Went early to the river yesterday. Met a man who was up from S Carolina to meet a man with an artificial leg, to learn how to care for another man with an artificial leg. I asked how the prosthesis was fastened to the body, and we talked about that for a while. My white lab returned for a brief visit. I had no sandwich for him. A little girl– eleven or twelve, I guess– approached and asked me if I’d seen any fish. I had not. She asked if I’d seen birds, and I had, so we discussed that. The girl had a silver fox’s brush attached to her pants, she apparently pretending to be a fox. We talked about that. Then I wrote a poem to welcome Stetson, and wept because the poem was good and such things still flow from an unsullied fountain. 

Stopped by Reems Creek and bought $200 worth of plants to put in the places I’m laboriously ridding of vines. 
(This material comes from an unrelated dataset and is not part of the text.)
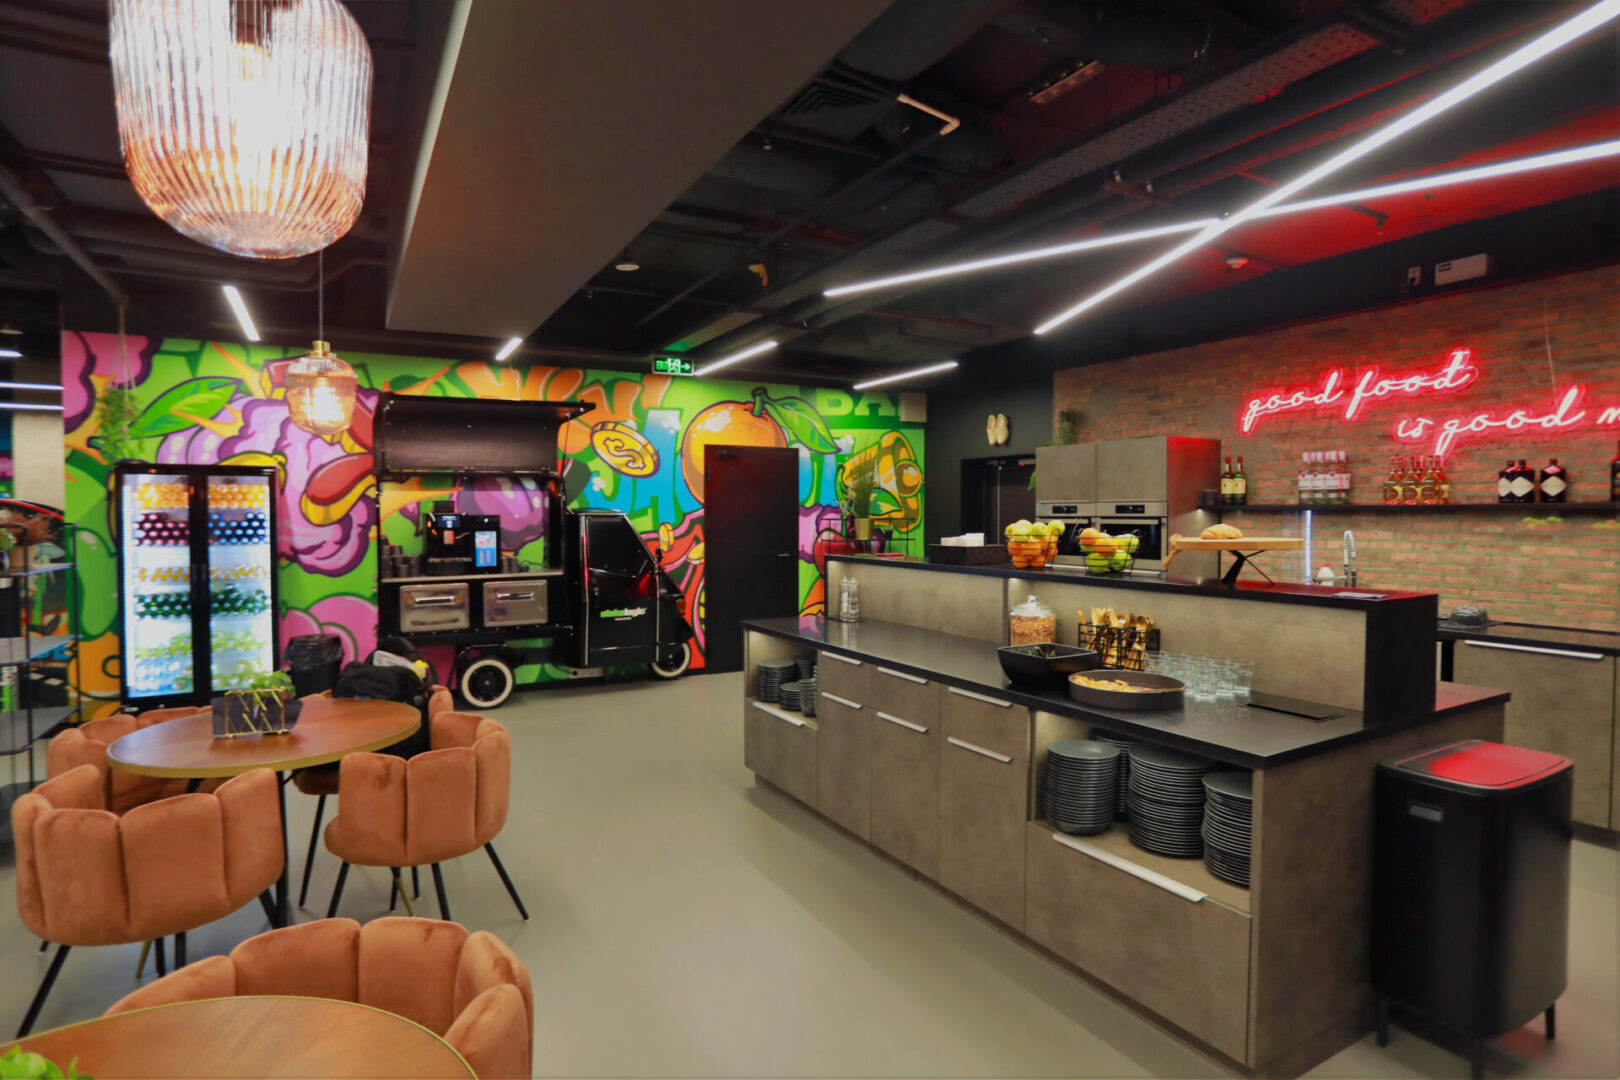 Художественное оформление офиса IT компании (часть 2) UT-ART STUDIO бар
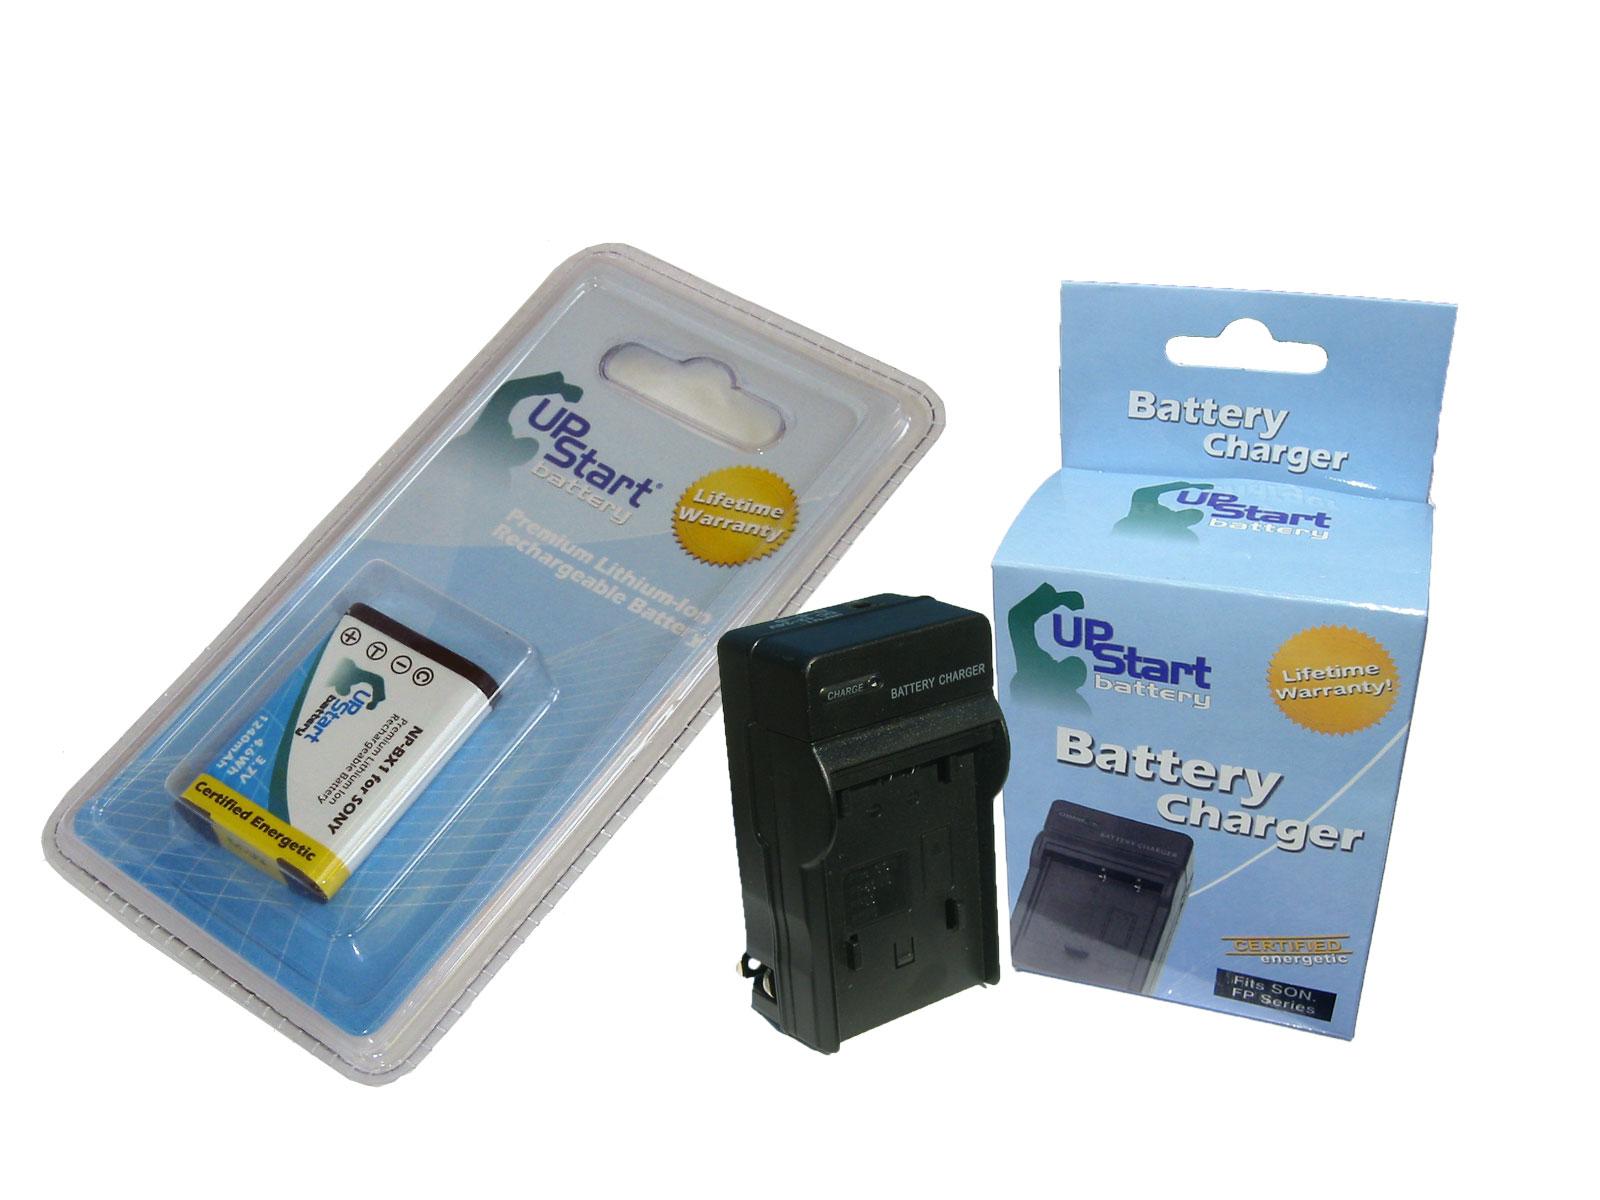 Battery 1000mAh for Sony Cybershot DSC-HX300 DSC-WX300

In the evening, went to NCS. I’d cherished an evening of theater after a long dry spell, even skipping a concert at the old folks’ home to do it. The evening was a success because of the excitement of being in the city, of parking at distance and stopping here and there for ogling and cocktails as I made my way. The couple beside me at Zambra’s were celebrating the twentieth anniversary of a Bob Dylan concert they went to, Dylan playing that very night at Harrah’s. I’m so disconnected I didn’t know Dylan was in town. She lives in Asheville, he in Washington State, and I gathered they hadn’t seen each other in the interval. Saw several friends at the theater, including Adam, a sight for sore eyes, who asked me to be in Montford’s Henry VI. I said yes, counting on something to intervene between now and then. As for the play, this company has established a tradition of giving C plays an A production. Except for one weak actor (the same who had been my Frankenstein) the production was impeccable. The play, Witch, was. . .well, I began looking at my watch about twenty minutes in. It couldn’t commit to an identity, being sometimes a fractured fairy talk, sometimes a feminist discourse, something a gay coming-out exercise, sometimes a half-assed observation of medieval family relations, a bargain basement Lion in Winter. Action stops every now and then so a character can face the audience and declare what the playwright is thinking. The actor playing Scratch could almost pull that off; the others, not. Productions like that make me wonder why I try so hard. But, left the theater for the long merry walk back. Stopped in the Times Bar– which I like though it’s gloomy–for another cocktail, though actually was to pay for access to a bathroom. The goofy bar boy explained Japanese Scotch to me. I asked because a single shot was $28. Felt young and energized striding through the dark streets.